Она отшатнулась. Так резко откинулась в сторону, что он не успел даже увидеть ее лица. Повернувшись спиной, долго вытирала платком мокрые щеки.
— Я серьезно говорю. Конечно, прибавится хлопот по хозяйству. И удобства не те, что в городе, сама понимаешь. Почему ты молчишь?
— А что я могу ответить? — Она заговорила неожиданно спокойно, даже с ноткой цинизма: — Я понимаю, они от доброты сердечной, эти благие пожелания. Ты благороден, очень благороден, Гедмис. А я вот не могу отплатить тебе тем же. Сам говорил: целовал мои губы и чувствовал за ними утаенные слова. Я не родник, прозрачный до дна, мой милый.

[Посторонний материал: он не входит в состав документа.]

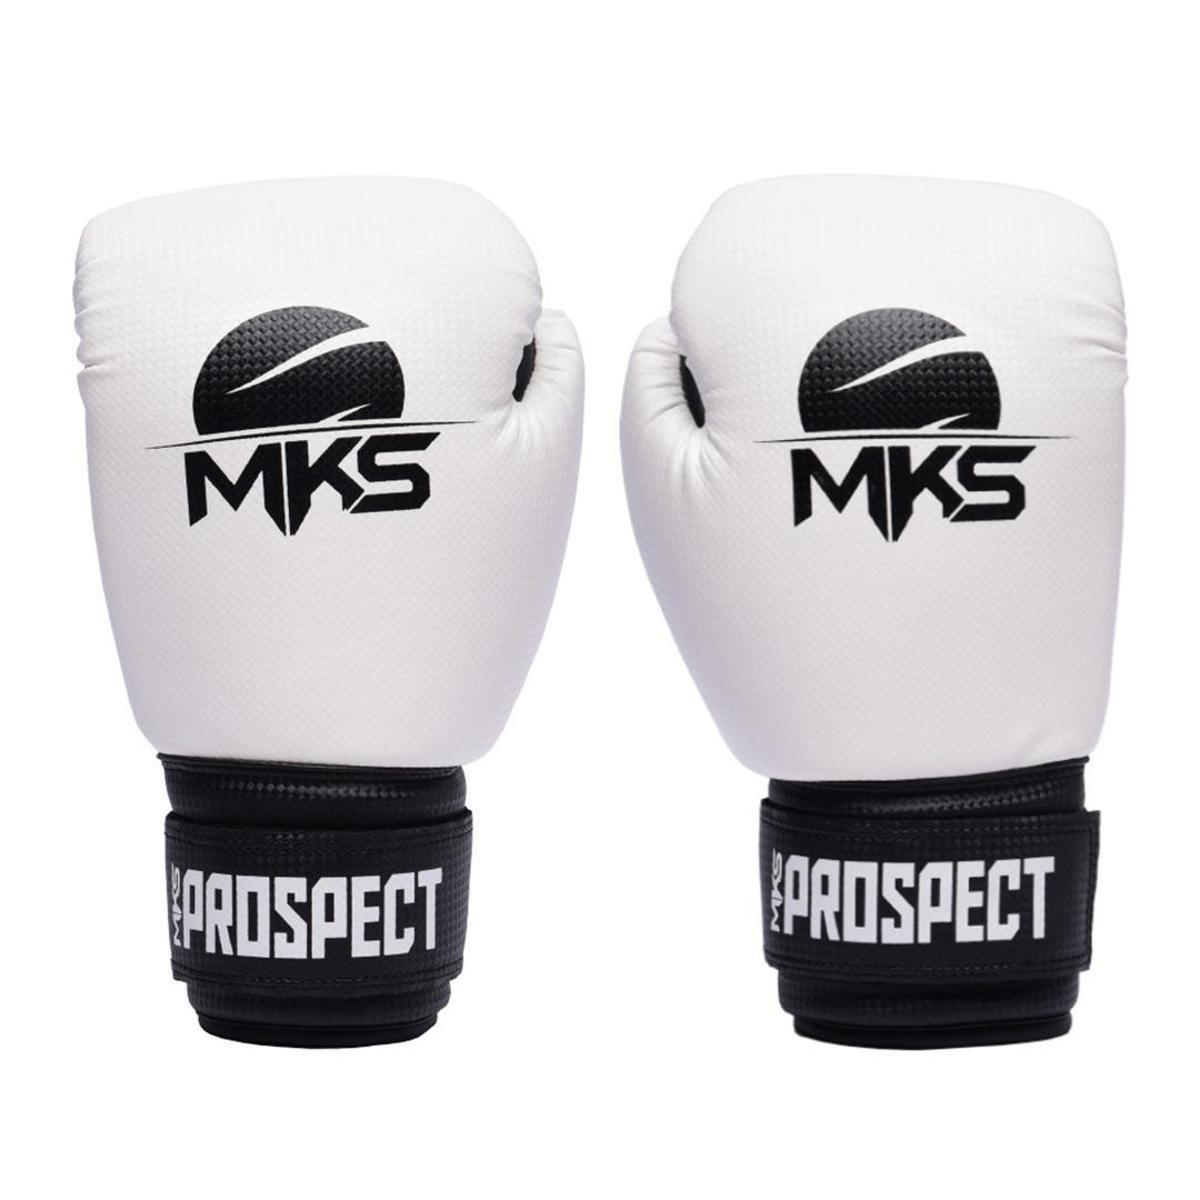 Luva Boxe MKS New Prospect - Branco
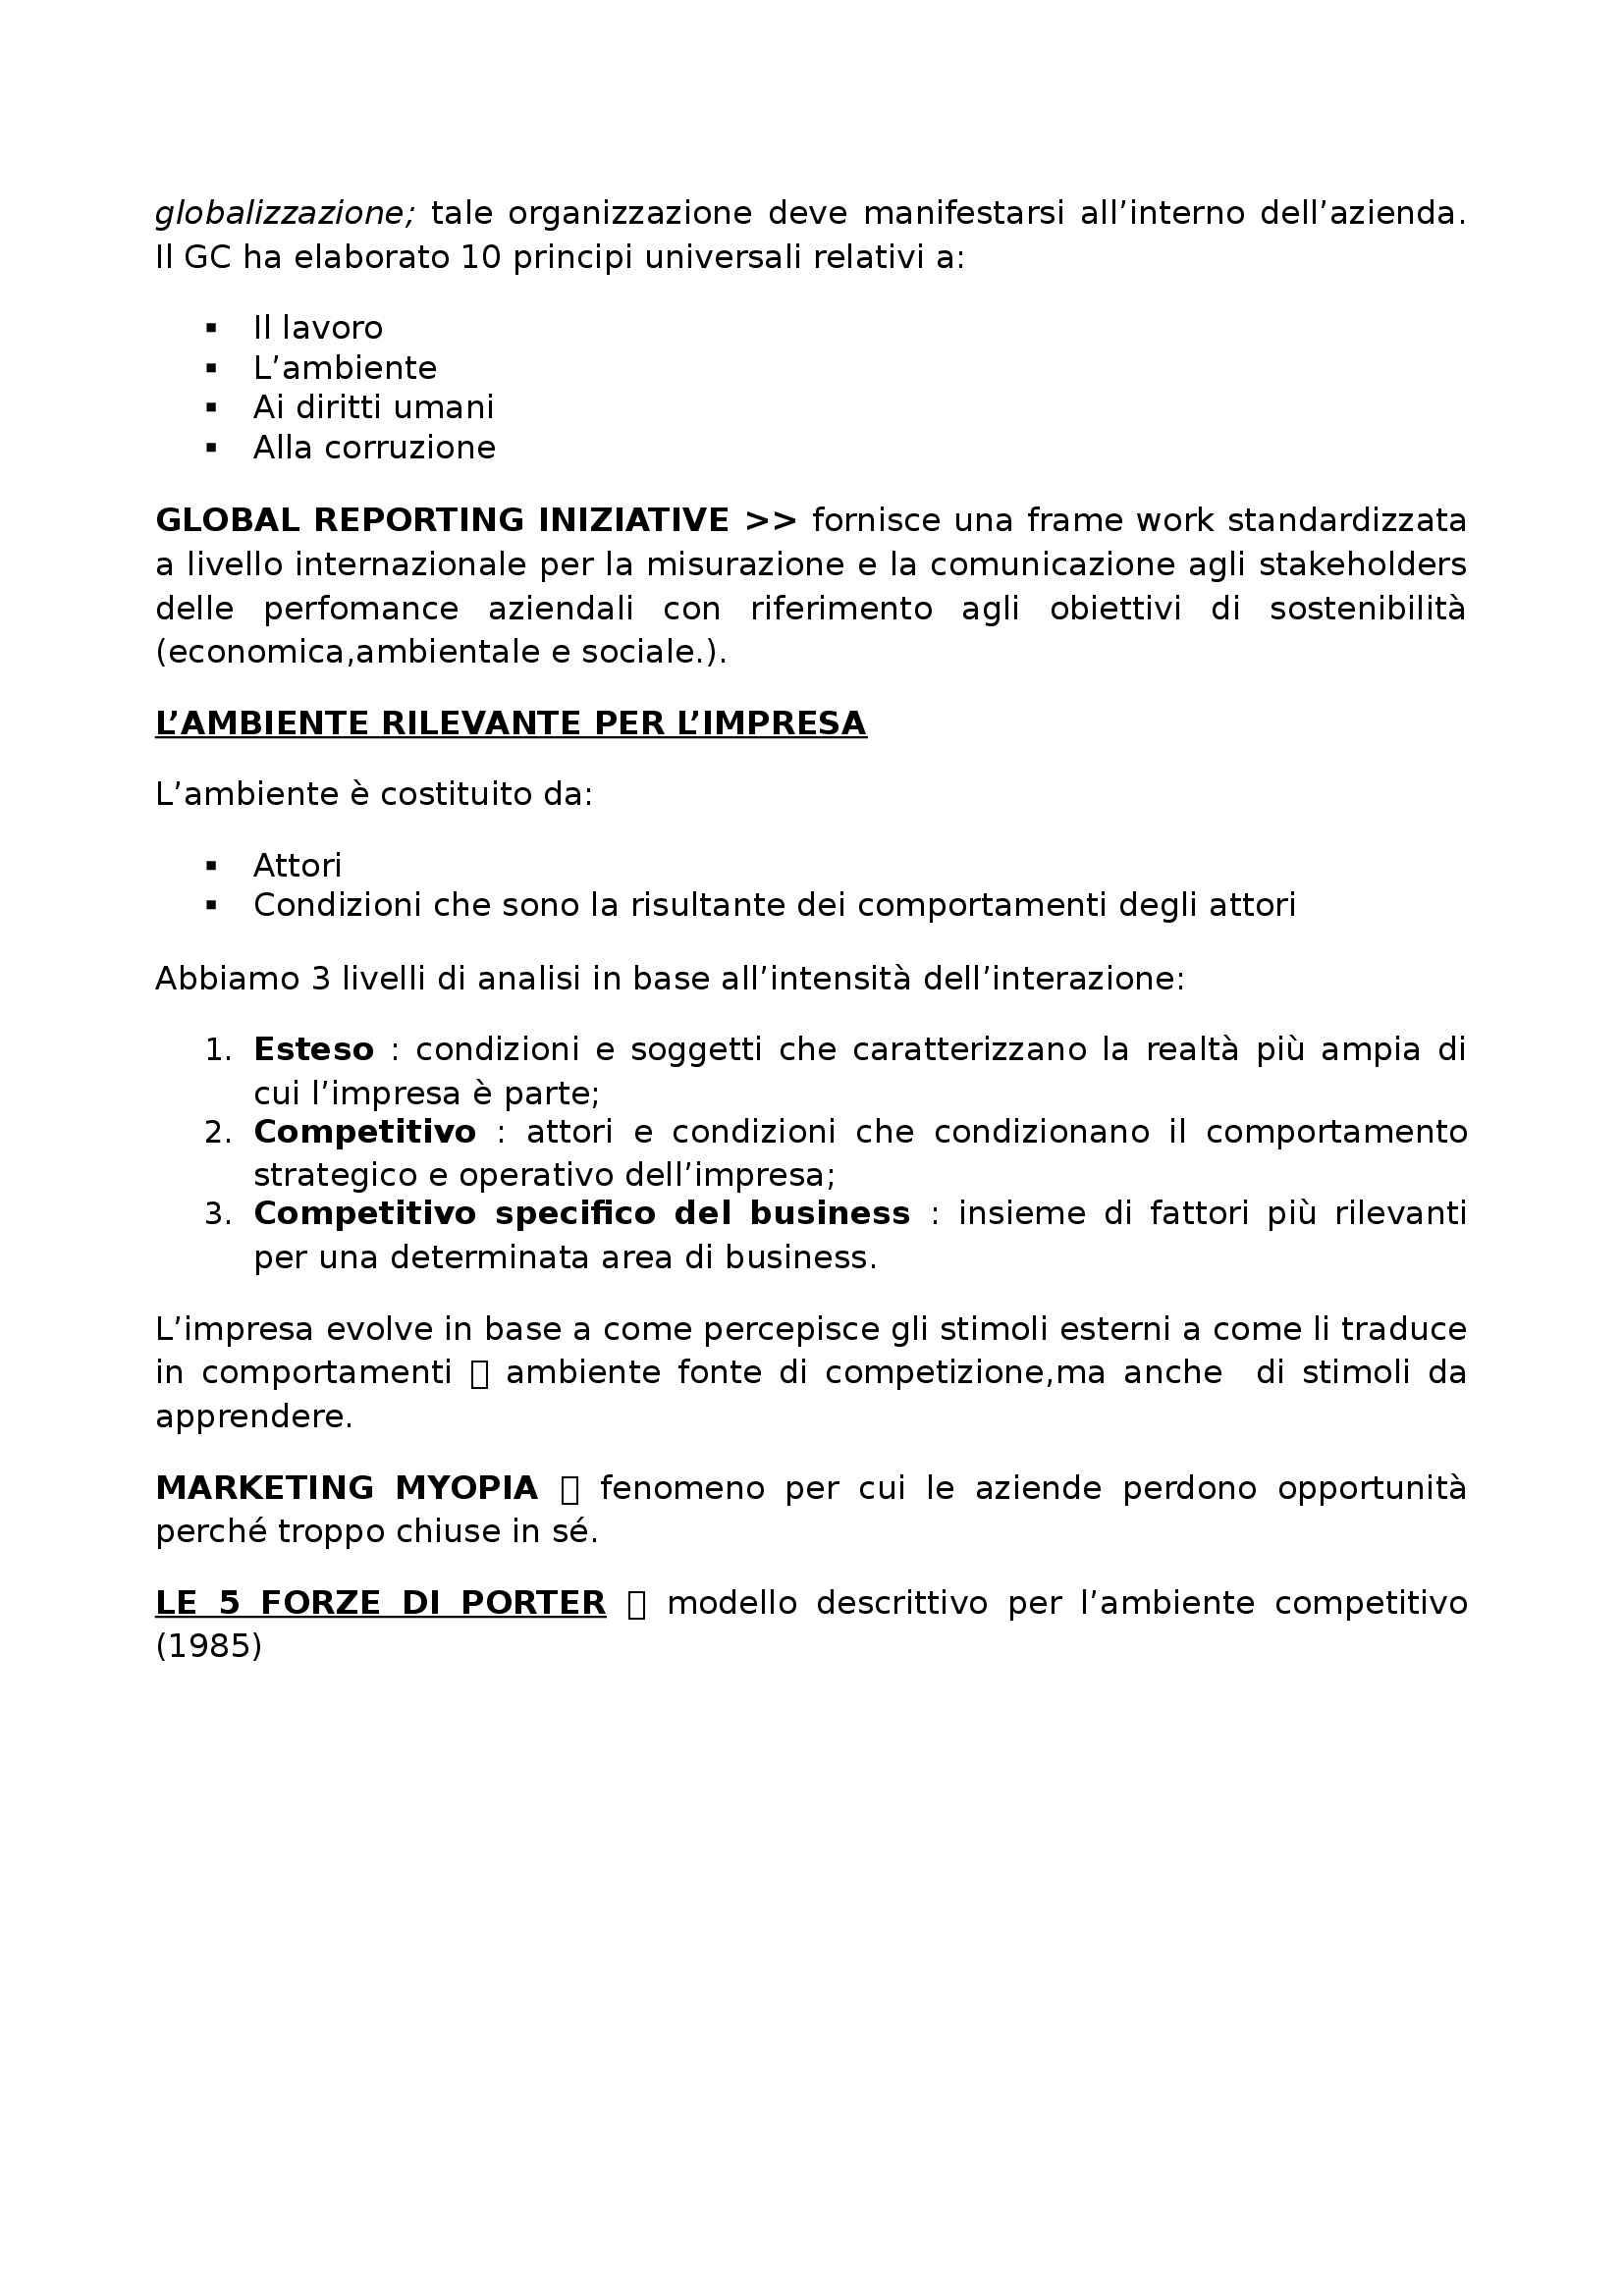 Fondamenti di management - management Pag. 2

— Знаю, — ответил Гедиминас и помрачнел.
— Я тебе изменяла. Не с ним, конечно, — с другим. У тебя есть такие стихи, где ты оправдываешь физическую измену, если в душе женщина сохраняет верность. Я изменила тебе только физически.
Гедиминас сел. Хотел взять ее за плечи и повернуть лицом к себе.
— Не надо. Ляг и помолчи. Сам ведь хотел, чтоб между нами не было тайн.
Он упал на спину, словно от удара. Мягкий, картавый говорок струился откуда-то из-под земли. Замученный, вялый голосок. Гедиминас смотрел на медный купол неба, но видел изогнутую спину Милды. Голую, нежную спину. А на ней — белую руку Дангеля в перстнях. А может, он снял перстни и положил на стул, рядом с часами? «Верность в душе… Ха! Она принимала в себя чужое тело и в это время думала обо мне…»
— Что ж, Дангель импозантный мужчина. Но не могу представить, чтоб он говорил: «Я тебя люблю». Наверное, сказал: «Ты — вкусная женщина».
— Нет. Он сказал: «Вы умная женщина, фрау Милда, сразу поняли, что к чему. Адомас сегодня извинился за вчерашнюю выходку у Баерчюсов, но я бы еще подумал, хорошенько подумал, стоит ли предать это забвению».